Whooo I'm a fascist what are you?

*What is your political ideology?*
Your Result: *Fascist/Radical Right*
This quiz has defined you as a Fascist. You believe in the centralisation of the state in order to take a more militaristic approach to society. You believe authority is the core value of any society and that intellectualism and freedom of debate does more harm than good. Social solidarity is a key element of your ideology.
You may or may not be supportive of capitalism, religion, or extreme nationalism, depending on the type of fascism you identify with
_Result Breakdown:_
77% Fascist/Radical Right
58% Liberal
53% Social Democrat
52% Conservative
50% Communist/Radical Left
15% Libertarian
Quiz Created on GoTo Quiz


----------



## Takun (Mar 1, 2010)

*What is your political ideology?*Your Result: *Social Democrat*


This quiz has defined you as a Social Democrat (you may or may not be a Democratic Socialist as well). In general you are in the Liberal mindset, but wish to take it a step further. You favour the brodening of various social programs and a progressive income tax system to help alleviate social inequality. You wish to change the current social paradigm, but through gradual means.

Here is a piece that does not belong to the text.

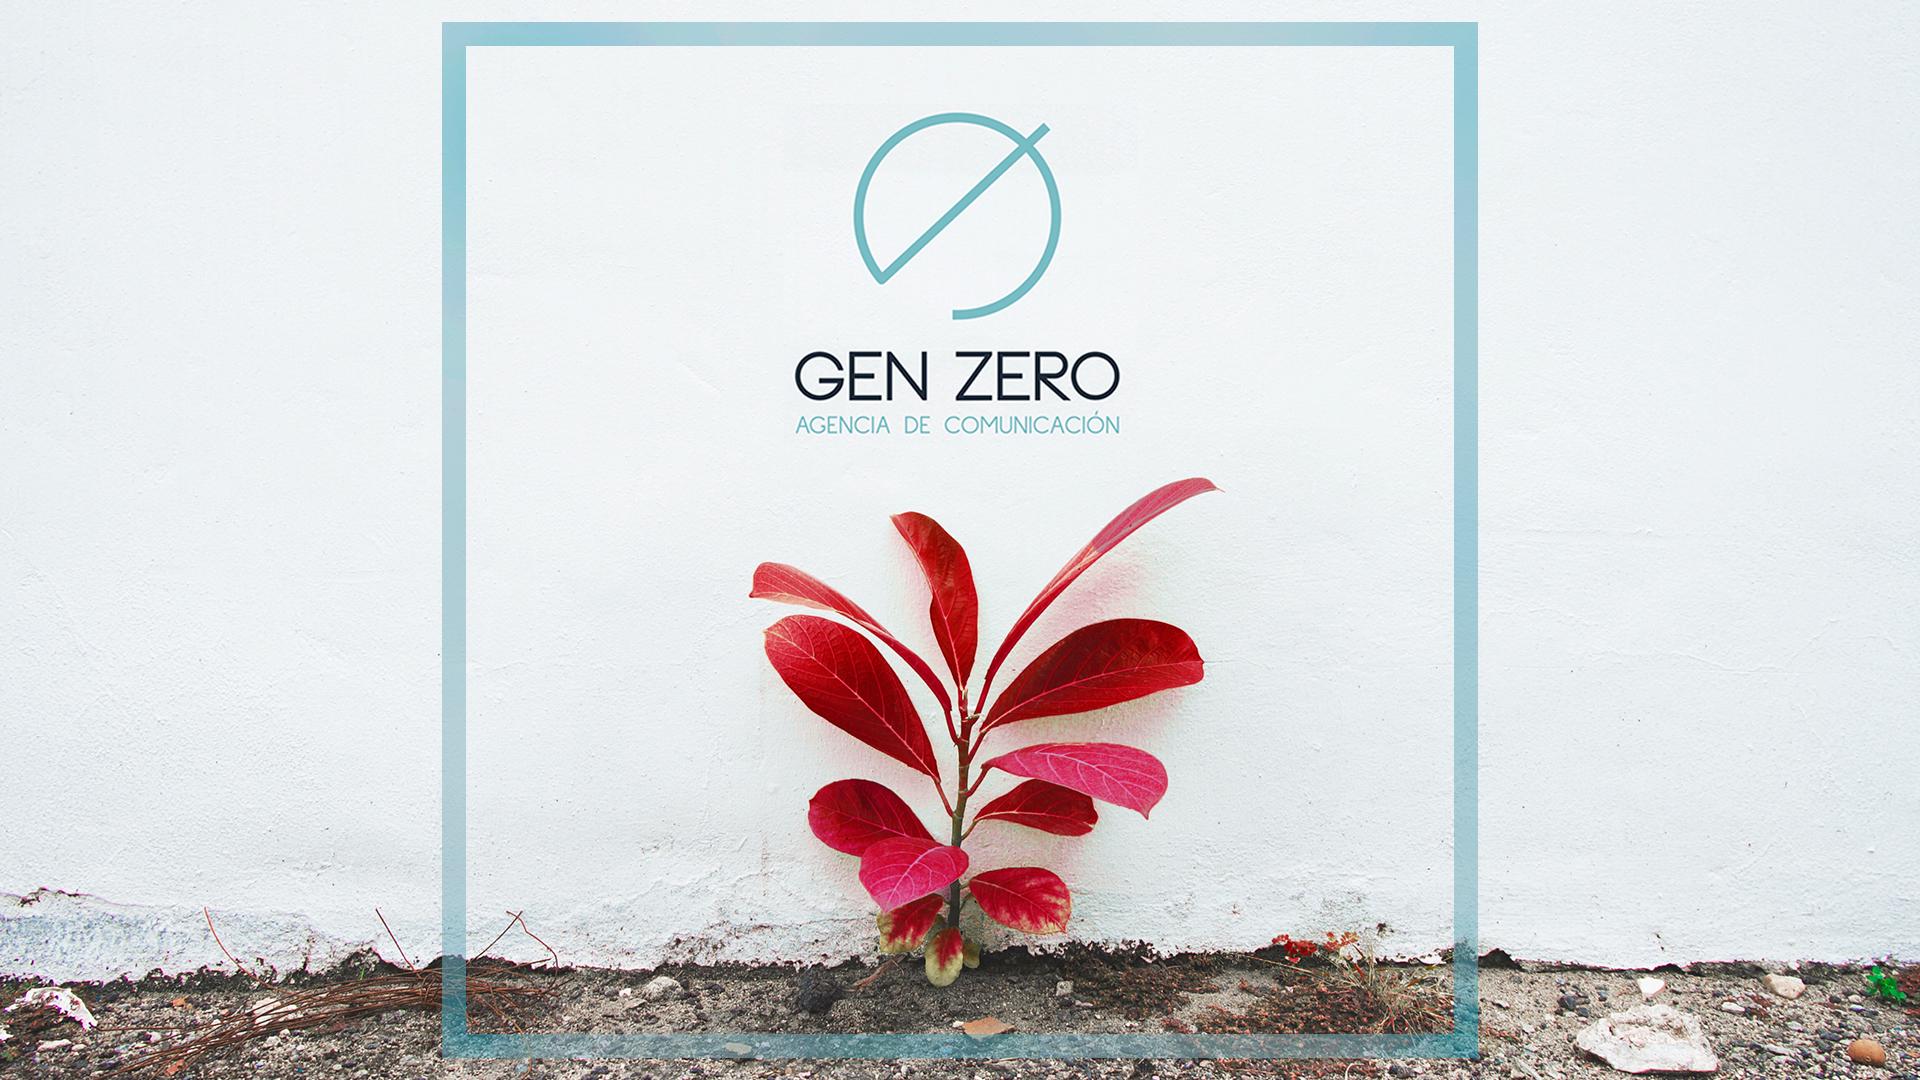 ¡Hola mundo! Somos Gen Zero, una agencia de comunicación joven, fresca y transparente, especializada en la digitalización de pequeñas y medianas empresas.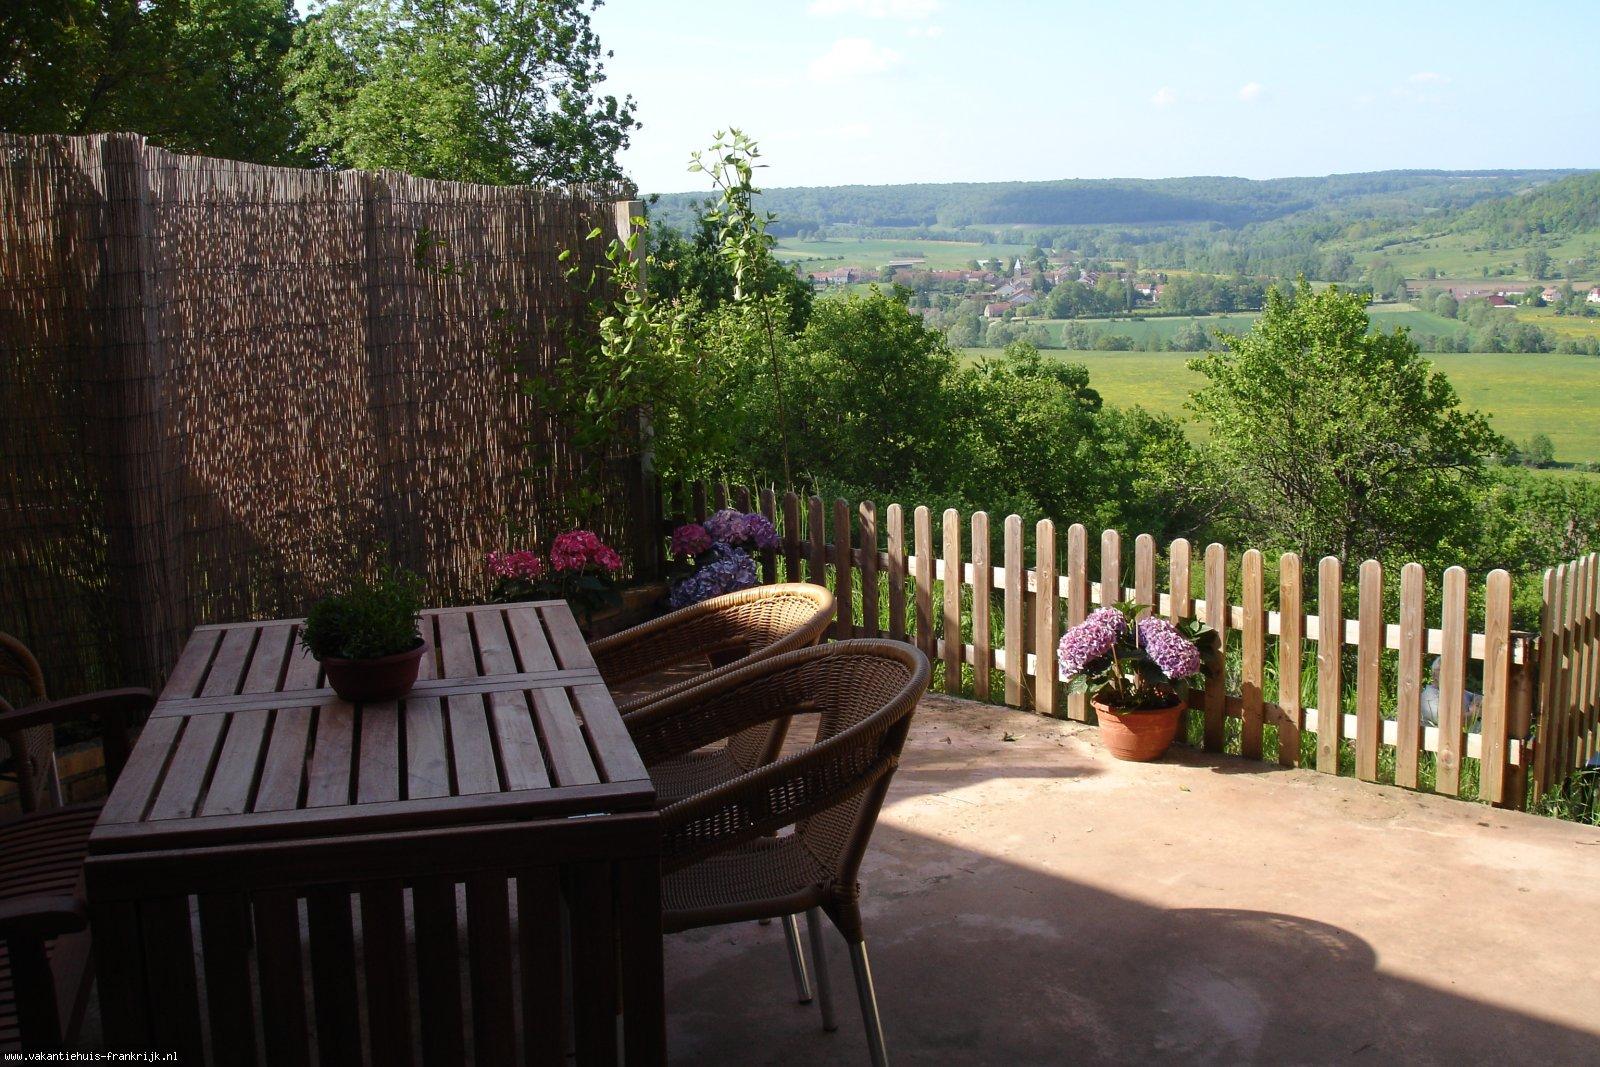 Vakantiehuis: Maison Montesson is te huur voor wie van rust, een fraaie omgeving en het rustieke Franse landschap houd. te huur voor uw vakantie in Haute Marne (Frankrijk)

This was rather pointless.  Just a bunch of talking points thrown in.


----------



## Varulven (Mar 1, 2010)

Huh. I'm a balance of Fascist and Conservative, how does that work?


----------



## Duality Jack (Mar 1, 2010)

Varulven said:


> Huh. I'm a balance of Fascist and Conservative, how does that work?


 lol I dunno.


----------



## Beta_7x (Mar 1, 2010)

Communist/Radical Left. Oh shit...


----------



## blackfuredfox (Mar 1, 2010)

libertarian, did not see that coming. though i did see the conservitive majority with the communist minority.


----------



## Duality Jack (Mar 1, 2010)

at least you are not crazy like me :V -rolls out Tiger tanks and flails a luger about-


----------



## blackfuredfox (Mar 1, 2010)

The Drunken Ace said:


> at least you are not crazy like me :V -rolls out Tiger tanks and flails a luger about-



the way i answered i would let people decide more and take a FDR stance on war.


----------



## Azure (Mar 1, 2010)

I couldn't find one answer I liked. Apparently that makes me a progressive.


----------



## Kivaari (Mar 1, 2010)

I got Social Democrat.


----------



## Duality Jack (Mar 1, 2010)

blackfuredfox said:


> the way i answered i would let people decide more and take a FDR stance on war.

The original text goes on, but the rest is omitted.